Studio album by Dulce María
- Released: April 8, 2014
- Recorded: 2012–2013
- Genre: Pop
- Length: 42:59
- Language: Spanish
- Label: Universal Music Latin
- Producers: Coti Sorokin, Dudu Borges

Dulce María chronology
| Extranjera (2011) | Sin Fronteras (2014) | DM (2017) |

Singles from Sin Fronteras
- "Lágrimas" Released: September 5, 2013; "Antes Que Ver El Sol" Released: January 7, 2014; "O Lo Haces Tú O Lo Hago Yo" Released: May 21, 2014;

= Sin Fronteras (Dulce María album) =

Sin Fronteras (English: Without Borders) is the second solo studio album by Mexican singer-songwriter Dulce María. It was released on digital retailers on April 8, 2014 via Universal Music Latin. "Different, energetic and passionate" are the words with which Dulce Maria described her second solo album.

This project features the collaboration of Coti Sorokin, whom Dulce María had long-awaited for to work with in at least one song. Sorokin, the famous Argentinean singer/songwriter, not only shared with her a few of his songs, but also produced some of her tracks. This makes Dulce María the third Mexican artist to be produced by Coti, after Julieta Venegas and Paulina Rubio.

It comes preceded by the lead single Lágrimas and the second single Antes Que Ver El Sol, a cover from the original song by Coti. The third single is the song "O Lo Haces Tú O Lo Hago Yo" written by the singer.

The album features several participations, including "Te Quedarás" with Frankie J.

==Singles==
The album's lead single was Lágrimas where the singer partners with Julión Álvarez, the song was officially launched on 5 September 2013, but was released for digital download on iTunes on September 17, 2013 by Universal Music Mexico. The video of the song was released on November 5, 2013 on the official channel of the singer on VEVO, where it already has over 14 million views.
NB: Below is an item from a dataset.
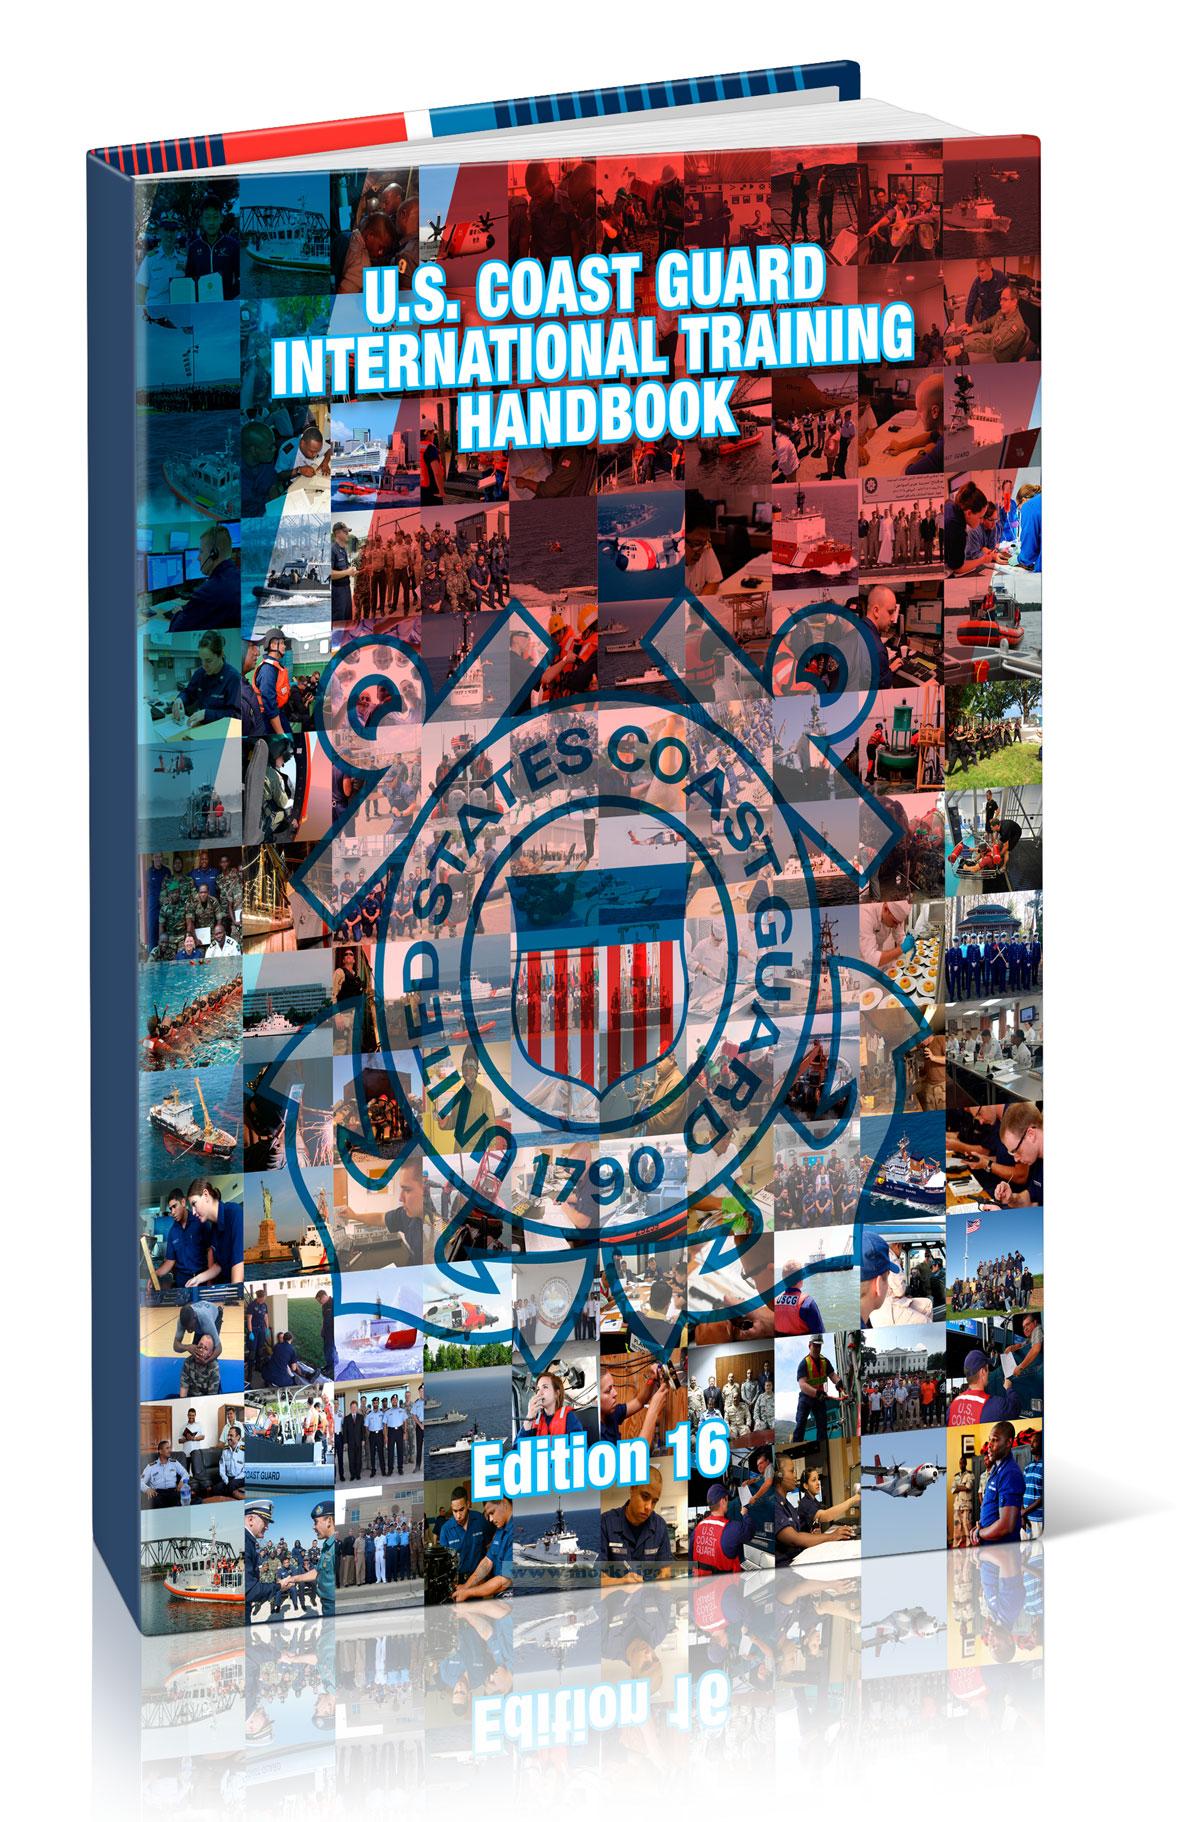 U.S. Coast Guard International Training Handbook Ed. 16/Международное учебное пособие для береговой охраны по образцу береговой охраны США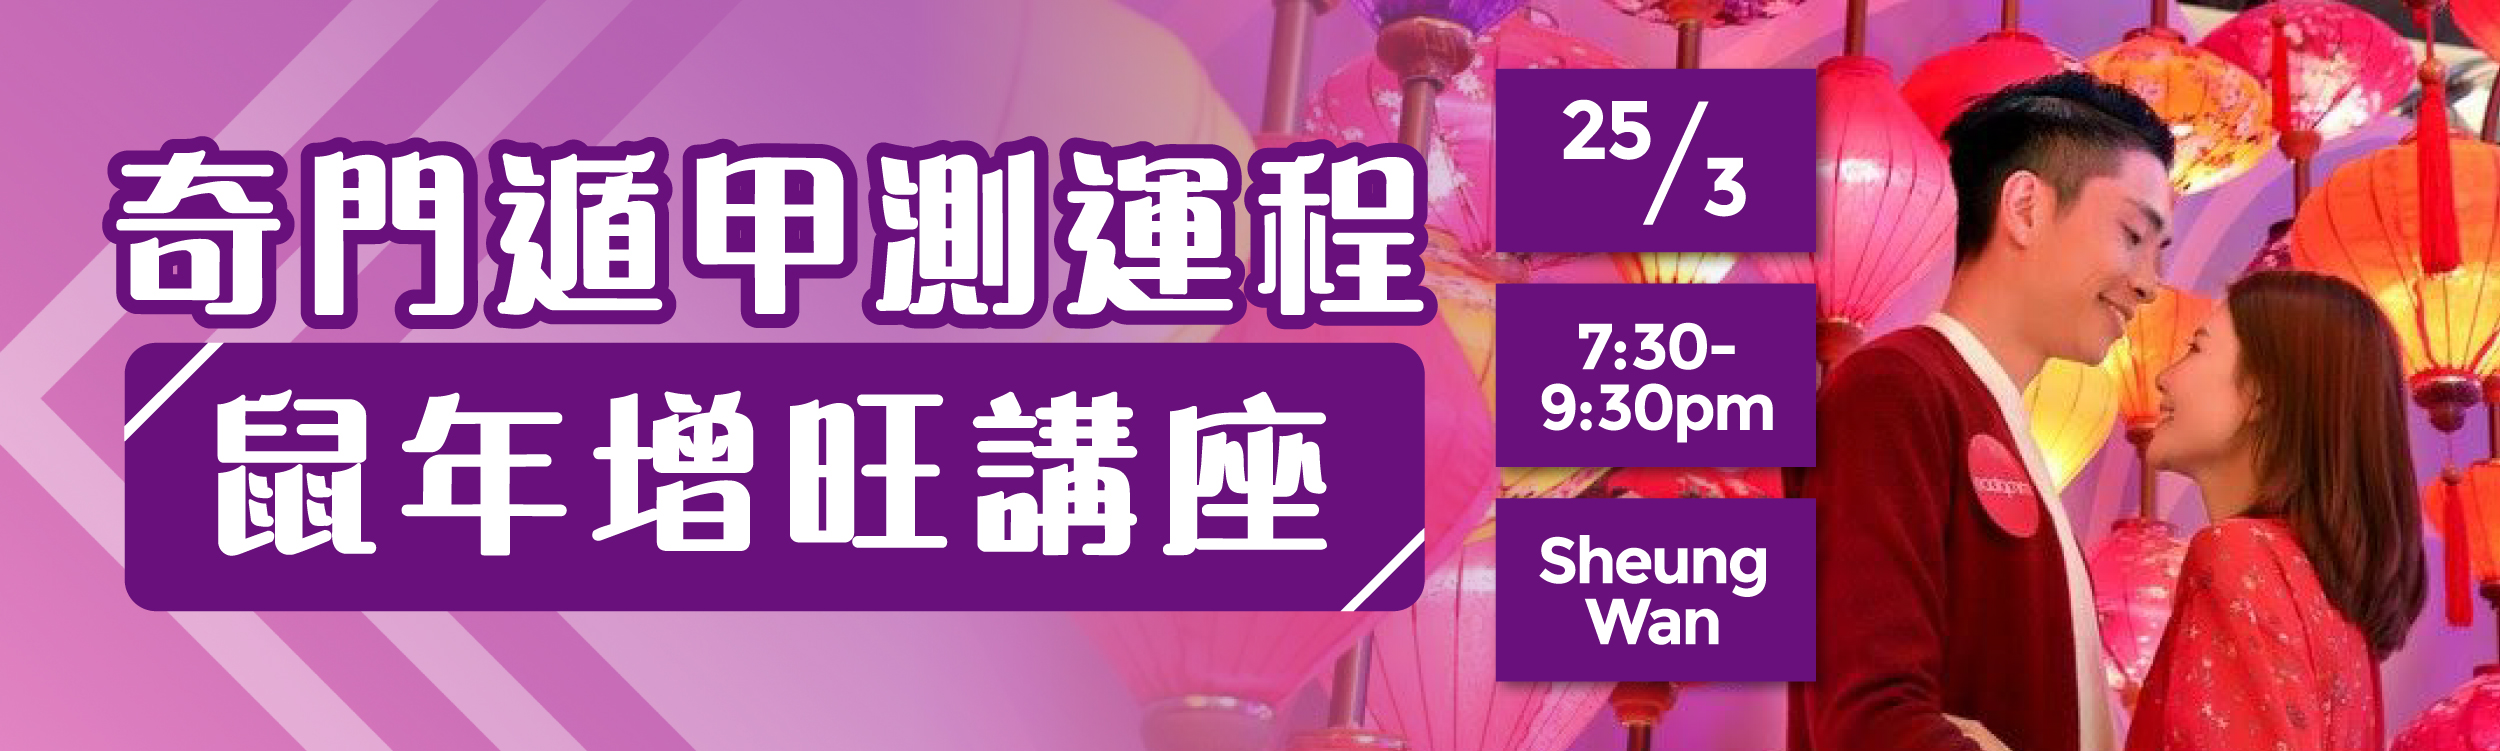 (完滿舉行)奇門遁甲測運程 + 鼠年增旺講座 - 2020年3月25日(星期三) 香港交友約會業協會 Hong Kong Speed Dating Federation - Speed Dating , 一對一約會, 單對單約會, 約會行業, 約會配對

The second single from the album was the song Antes Que Ver El Sol, which was launched on January 7, 2014 on iTunes. It was a radio hit and debuted in several music charts. The song has a Portuguese version made for Brazil, which features singer and actress Manu Gavassi. The music video of the song was released, and has surpassed the 3 million views mark.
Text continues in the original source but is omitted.